Ensuite, il devra répondre aux attentes pressantes des usagers. L’Association des Usagers des Transports de Martinique appelle depuis plusieurs semaines à une action déterminée de Martinique Transport. Le prochain dirigeant devra donc renforcer la communication, expliquer les décisions prises et, surtout, garantir une continuité minimale du service public.
Enfin, il devra gérer l’après-crise. Une fois le conflit résolu, il faudra évaluer les fragilités révélées par cette séquence : dépendance à un sous-traitant unique, organisation interne, dispositifs d’alerte et de médiation. Ces éléments seront clés pour éviter que la situation ne se reproduise.

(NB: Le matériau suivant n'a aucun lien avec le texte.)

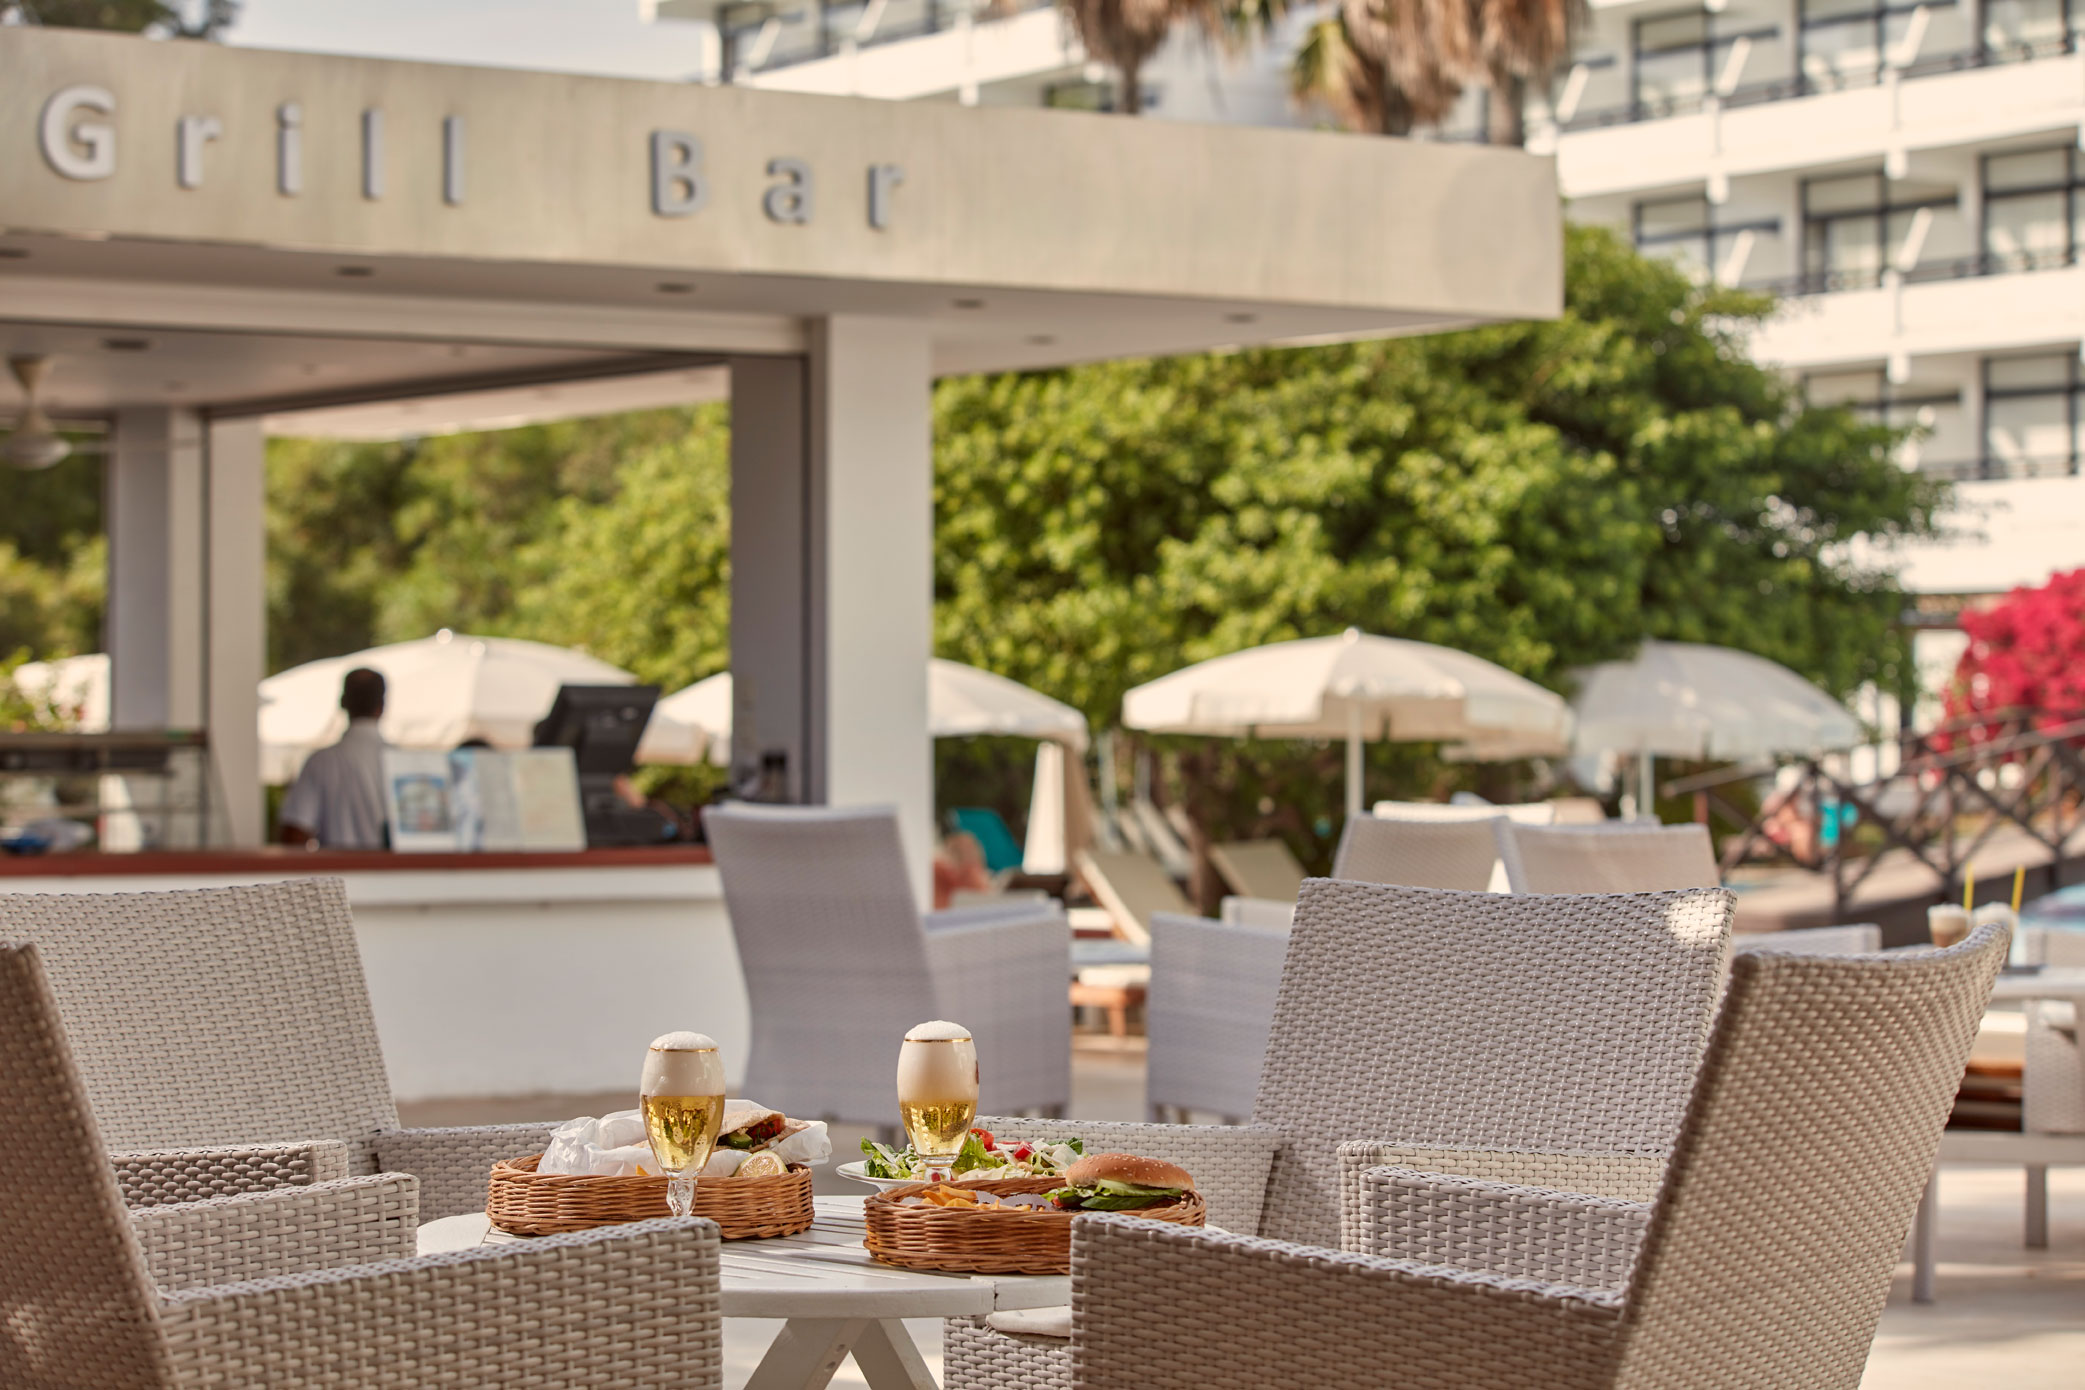 Grecian Bay Hotel-Grill bar.jpg

Mais au-delà des mesures techniques, un enjeu plus large attend la nouvelle direction : restaurer la confiance. Et celle-ci ne se regagnera que par une action visible et rapide.
Éléments à surveiller et leçons à tirer de la situation
Plusieurs aspects méritent une attention particulière dans les semaines à venir. D’abord, la capacité des négociations à reprendre entre Transaglo et ses salariés, éléments centraux du conflit. Ensuite, l’effet du prochain directeur ou directrice sur la dynamique institutionnelle interne à Martinique Transport. La transition, même préparée, peut créer une période flottante.
Il faudra aussi observer les réactions des usagers. Leur patience est mise à rude épreuve, et les associations continueront à rappeler l’importance de la continuité du service public. Le rôle de l’autorité de transport sera scruté avec précision.
Enfin, cette crise souligne une réalité bien connue dans les territoires insulaires : la mobilité est un pilier essentiel du quotidien. Quand elle vacille, c’est toute la vie sociale, scolaire et professionnelle qui se trouve fragilisée.
Conclusion
Les prochaines semaines seront décisives pour l’avenir du transport en Martinique. Le changement de direction ouvre une période d’incertitude, mais aussi d’espoir pour une sortie de crise durable. L’essentiel, désormais, sera de redonner de la fluidité à un réseau dont les usagers dépendent chaque jour.